Роспись на стене разрослась, так, сама по себе, расползается плесень. Колхозница, упираясь в плинтус мощными босыми ногами, вздымала над головой огромный сноп. Колосистая нива, волнами сбегающая к плинтусу, омывала пятки колхозницы. На заднем плане ниву бороздили трактора и комбайны. У комбайнов и тракторов были растительные, неуверенные формы. Художница представилась ему остроносой, бледной, с прямыми русыми волосами, прихваченными хайратником, и очень одухотворенной. Такой трактор может нарисовать только очень одухотворенная женщина. Краской воняло даже сильней, чем с утра, ну да ладно.
Он стащил мокрые носки и, не раздеваясь, завалился на койку, в меру жесткую, по-своему даже удобную, словно бы сулящую отдых и убежище тем, кто в этом нуждается. Так удобны полки в скором поезде.
Одиночество навалилось, как подушка на беззащитное лицо спящего. А ведь на самом деле еще рано.

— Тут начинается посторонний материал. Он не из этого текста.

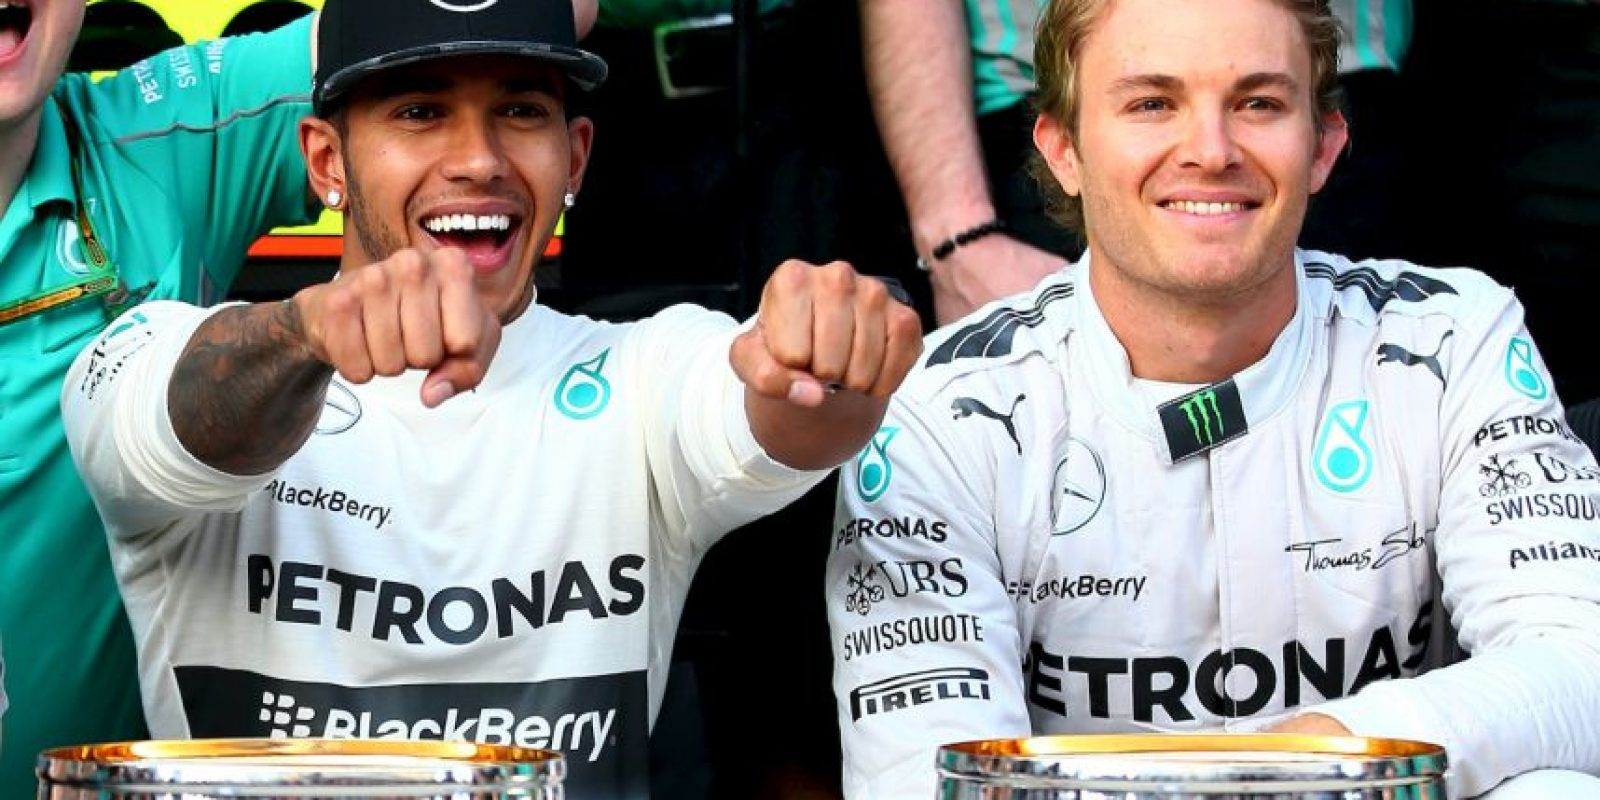 Lewis Hamilton vs. Nico Rosberg Foto:Getty Images

Тусклый свет, желтоватый и липкий, как подсолнечное масло, тихое пробулькивание в радиаторах.
Там, в городе, все переливается, взрывается смехом и светом, отражается в лужах, и все буквально кричит, что тот, кто не участвует в этом веселье, просто-напросто жалкий неудачник. Так и разводят нас, лохов, уныло подумал он… Правда, что ли, сходить в эти греко-римские погреба, или куда еще…
В дверь постучали. Не сильно, скорее деликатно.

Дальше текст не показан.